Ignoring ending comments is an interesting complication. I'm not sure what
I think about it.
> _______________________________________________
> dev-js-sourcemap mailing list
> dev-js-s...@lists.mozilla.org
> https://lists.mozilla.org/listinfo/dev-js-sourcemap
>

Brian Slesinsky

unread,
Jun 9, 2014, 11:44:02 PM6/9/14
to John Lenz, Andy Sterland, dev-js-s...@lists.mozilla.org, Ron Buckton
I wonder if it would make as much sense for the comment at the end of the
JavaScript file to have the checksum of its sourcemap? The debugger would
then use this as a key to look up the proper sourcemap in a
content-addressable database somehow.

This would get us away from using URL's which is convenient in some ways;
the sourcemap and source files can be stored in a private or public
repository and the debugger configured to look up sourcemaps there.

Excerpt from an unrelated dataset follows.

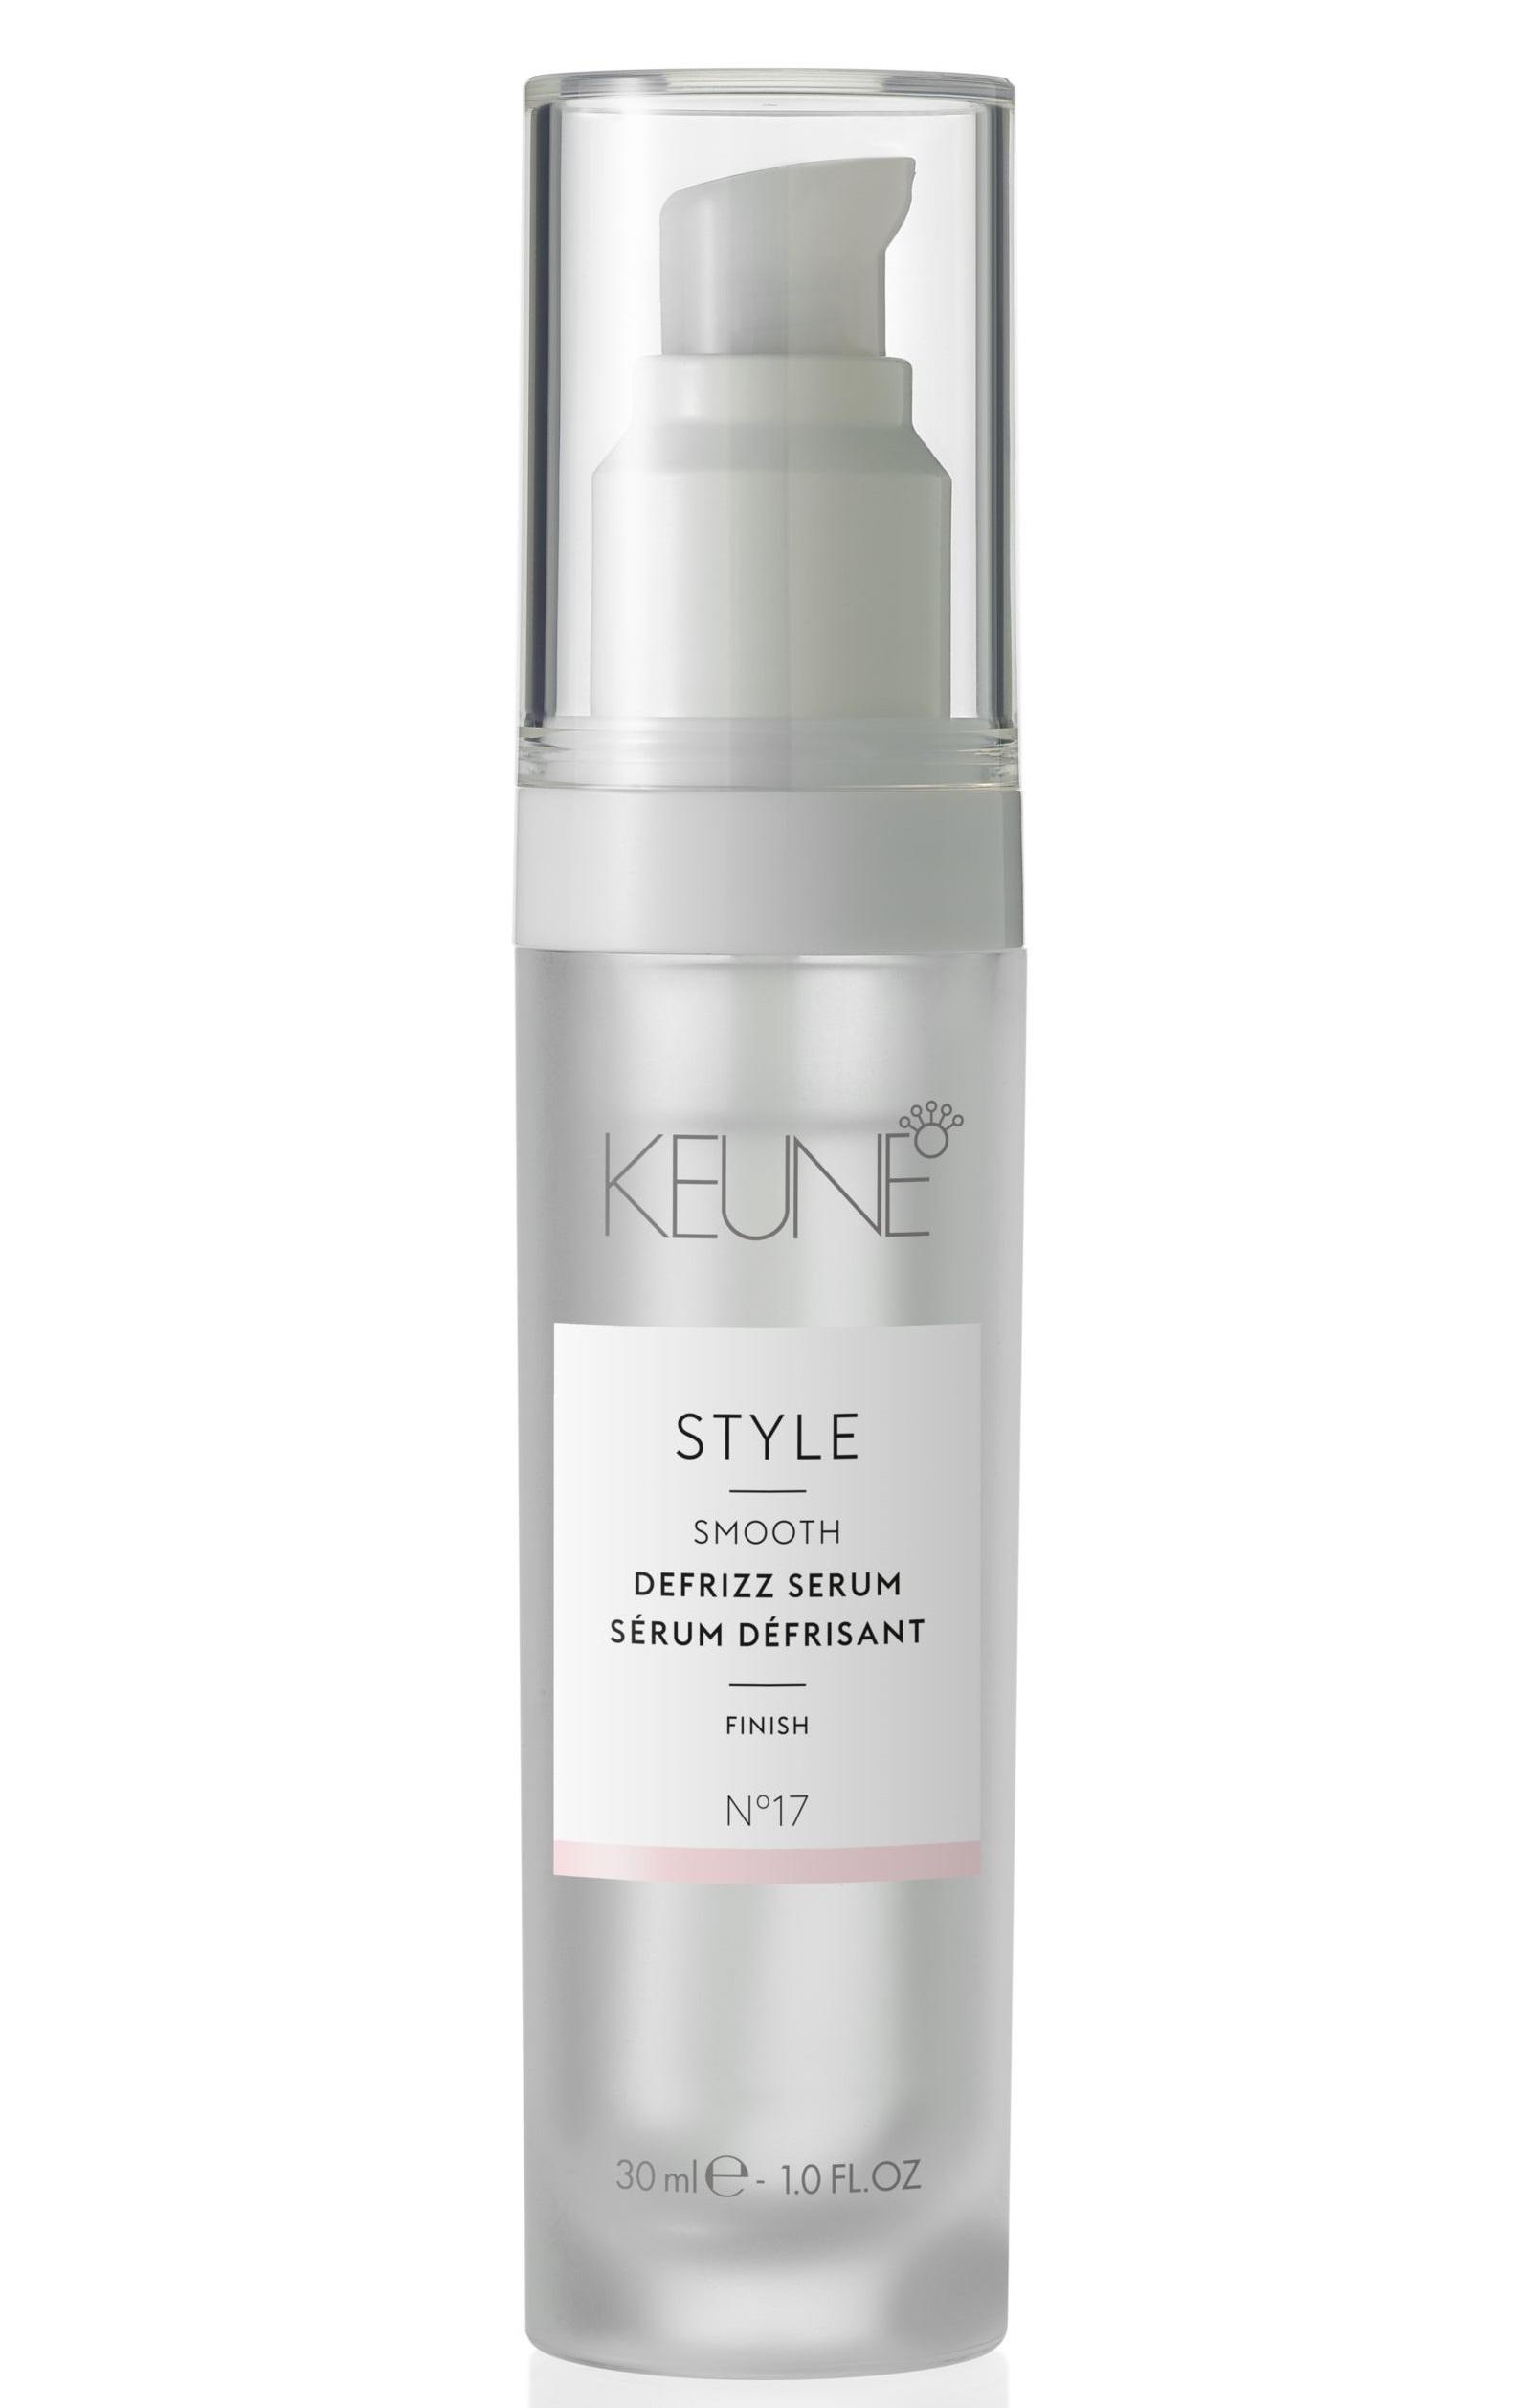 KEUNE Сыворотка для блеска волос / STYLE DEFRIZZ SERUM 30 мл

But I'm not sure which use cases you're thinking about. What does
"unrelated" when you say "a source map unrelated to either the source or
generated files?" Surely there's some relationship or it wouldn't work.

- Brian

Andy Sterland

unread,
Jun 10, 2014, 1:23:16 AM6/10/14
to Brian Slesinsky, John Lenz, dev-js-s...@lists.mozilla.org, Ron Buckton
(Not sure if convention on the group is for inline commenting or top posting...)

Re: Dealing with normalized line endings
I’m not sure what to do in this case. Naively I was imagining that the checksum would be calculated without any extra transformation on the input to take into account line ending normalization. The checksum would take the input as a JavaScript string. In general I think the source map would either have to be explicit that a transformation happened or, by default, assume that none happened.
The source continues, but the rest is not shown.